In science, like most things, one prefers simple over complex whenever possible. You keep adding variables until the explanatory juice starts hitting diminishing marginal returns. So cystic fibrosis is due to a mutation at one gene, and the disease expresses recessively at that locus. The reality is that one mutation accounts for ~65-70% of cystic fibrosis cases around the world, and there are nearly ~1,400 known mutations on the CFTR locus. How about skin color? Mutations on a dozen genes can probably explain ~90% of the variance in the trait value across the world between populations. In fact, one single mutation on one base pair can explain ~30-40% of the trait value difference between Europeans and Africans. This is a more complex story that cystic fibrosis; you have not just many mutations, but many mutations across many genes. But, the number of genes and mutations are manageable. You can keep track of most of them in your head (e.g., I can tell you that SLC24A5, SLC45A2, KITLG, and HERC2, can explain most of the trait value difference between Africans and Europeans without looking it up). Now think about something like height. The only gene I can think of off the top of my head is HMGA2. With obesity I know FTO. The reason is that there’s a veritable alphabet soup of genes which pop out of the numerous studies focusing on these traits. But the reality is that it seems possible that there are many genes which harbor variants of small effect size which in totality account for the range of the trait value. Abstractly this isn’t really that much more complex than the models above.

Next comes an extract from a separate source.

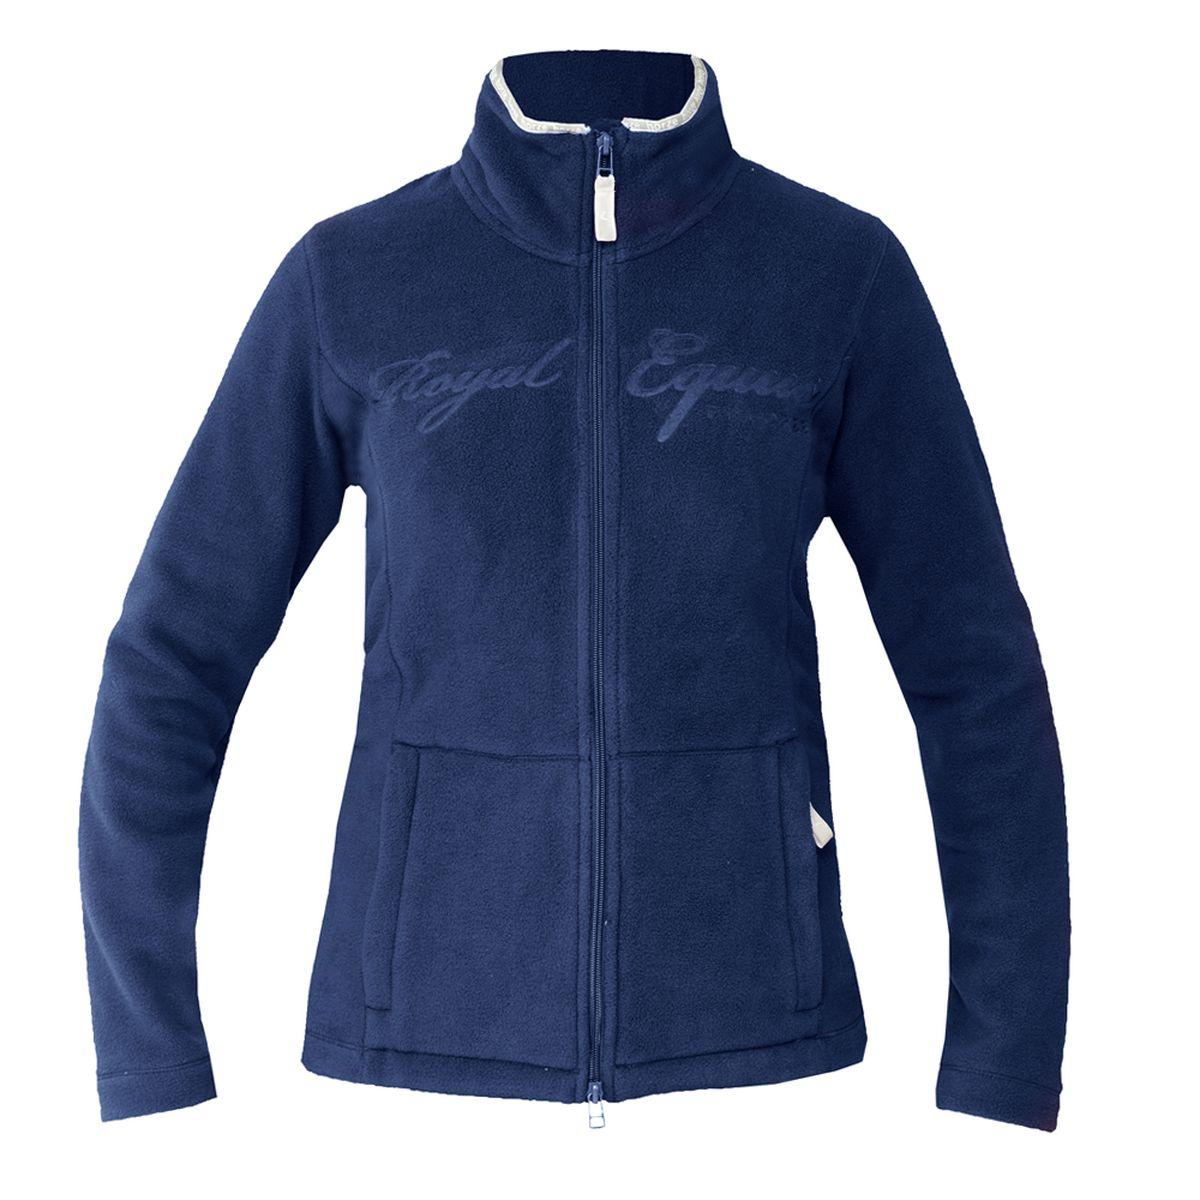 HorZe Sara Fleece Jacket with Heat Print - Junior

You can imagine it as a concrete instantiation of the central limit theorem. But in practice it does change things when you can’t focus on one gene, or a few genes, but have to understand that there exists a huge class of genetic causes which modulate the expression of the phenotype.

We’ve reached a stage where the mapping from genotype to phenotype is getting a bit on the baroque side. We have come to confront and wrestle with ‘genetic architecture.’ Here’s what Wikipedia says about this term:

Genetic architecture refers to the underlying genetic basis of a phenotypic trait. A synonymous term is the ‘genotype-phenotype map’, the way that genotypes map to the phenotypes.

The genotype-phenotype map has been analyzed in terms of several principal axes: epistasis, polygeny, pleiotropy, quasi-continuity, modularity, phenotypic plasticity, robustness, and evolvability.

And it gets more complicated. Epistasis comes in different flavors. As for the polygenic traits, they also exhibit differences. Pigmentation seems to be a trait where there really are common variants of very large effect. In contrast, for height, obesity, schizophrenia, and I.Q., no one has found them yet if they exist. So polygeny itself has many shades. Combine pleiotropy, the effect of one gene on multiple traits, with polygeny and epistasis, and the tangle of abstraction gets intractable very quickly.

This is why the arguments about synthetic associations can be difficult to unpack. Not only do you have the old problems with complex genetic architectures, but you also have to keep track of concepts such as linkage disequilibrium as well as a model of the physical embodiment of genetic information in the chromosome. Alas, we’re way past the “spherical cow” phase of simplifying for purposes of intelligibility.

So why does this matter? It’s about the “missing heritability”. We know that height is about ~80-90% heritable in developed societies. If you are adopted your height is going to correlate with your birth parents, not your adoptive parents. But very little of the variance in height can be accounted for by genes detected in linkage or genome-wide association studies (GWAS). Neither of these techniques have the power to pick out thousands of alleles of small effect. Linkage is good at detecting rare large effect variants (usually in families), while GWAS picks up more modest effect but common variants (usually in study samples of the same ethnicity).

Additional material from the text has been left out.